首页 > 代码库 > Hadoop2源码分析-序列化篇

Hadoop2源码分析-序列化篇

1.概述

  上一篇我们了解了MapReduce的相关流程,包含MapReduce V2的重构思路,新的设计架构,与MapReduce V1的区别等内容,今天我们在来学习下在Hadoop V2中的序列化的相关内容,其目录如下所示:

  • 序列化的由来
  • Hadoop序列化依赖图详解
  • Writable常用实现类

  下面,我们开始学习今天的内容。

2.序列化的由来

  我们知道Java语言对序列化提供了非常友好的支持,在定义一个类时,如果我们需要序列化一个类,只需要实现该类的序列化接口即可。

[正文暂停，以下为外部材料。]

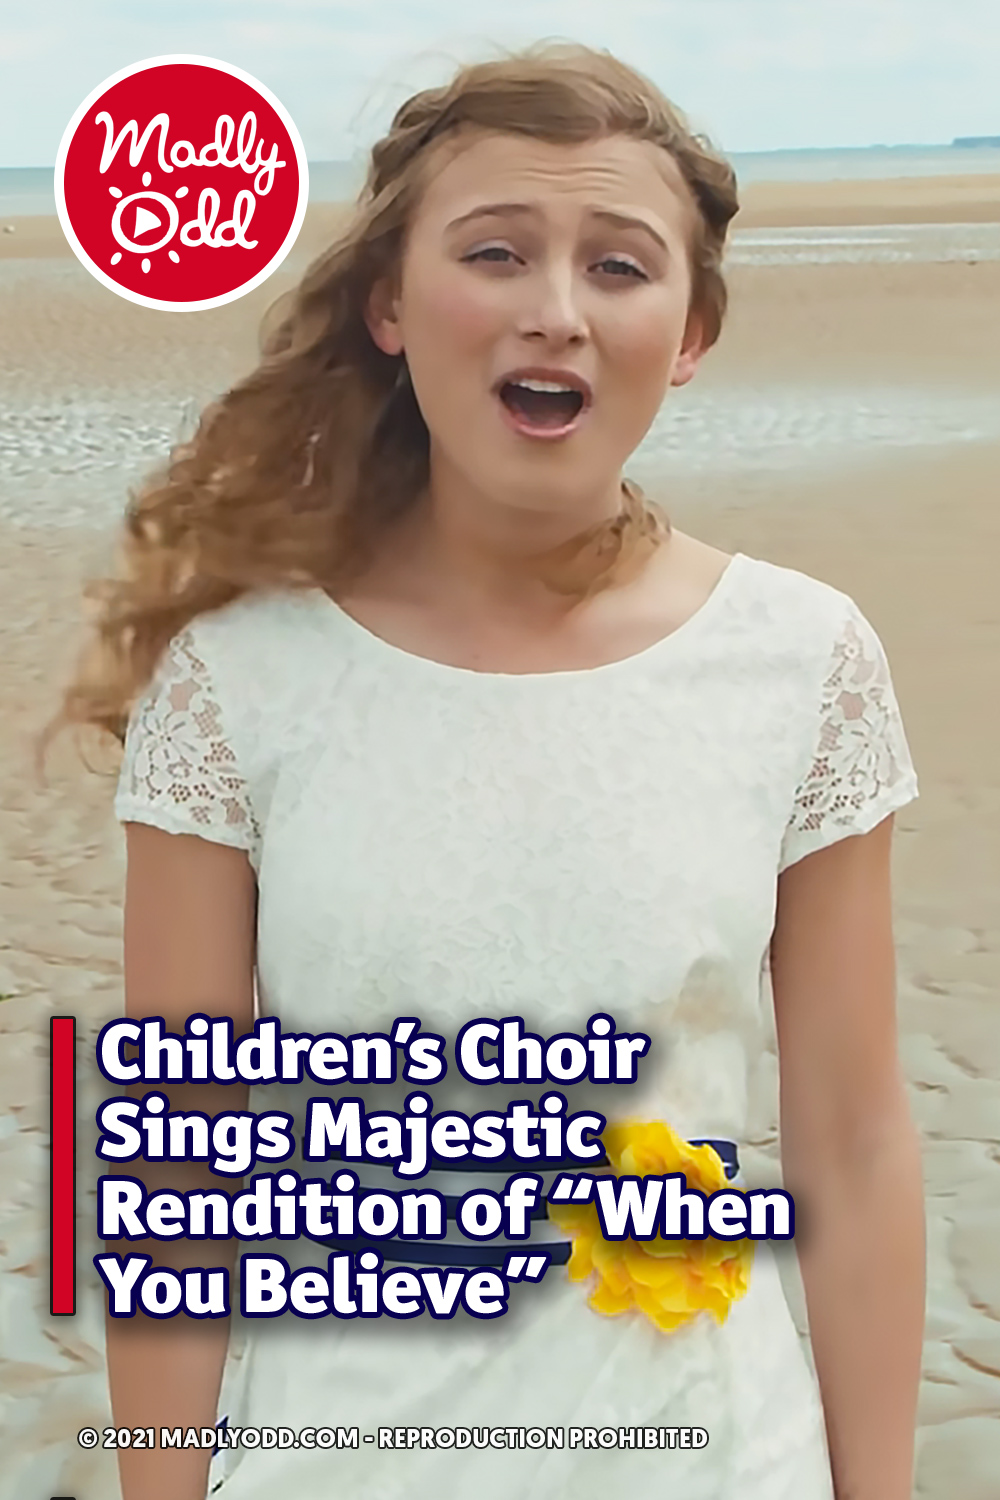 Children’s Choir Sings Majestic Rendition of “When You Believe”

场景:让一个AppInfo类能够被序列化,代码如下所示:

技术分享
/**
 * 
 */
package cn.hdfs.io;

import java.io.Serializable;

/**
 * @author dengjie
 * @date Apr 21, 2015
 * @description 定义一个可序列化的App信息类 
 */
public class AppInfo implements Serializable{

    /**
     * 
     */
    private static final long serialVersionUID = 1L;

}
技术分享

  这么定义,不需要其他的操作,Java会自动的处理各种对象关系。虽然,Java的序列化接口易于实现且内建支持,同样,它的不足之处也是暴露无遗,它占用空间过大,额外的开销导致速度降低。这些缺点对于Hadoop来说是不合适的,导致Hadoop没有采用Java自身的序列化机制,而是Hadoop自己开发了一套适合自己的序列化机制。

  由于 Hadoop 的 MapReduce 和 HDFS 都有通信的需求,需要对通信的对象进行序列化。而且,Hadoop本身需要序列化速度要快,体积要小,占用带宽低等要求。因此,了解Hadoop的序列化过程是很有必要的,下面我们对Hadoop的序列化内容做进一步学习研究。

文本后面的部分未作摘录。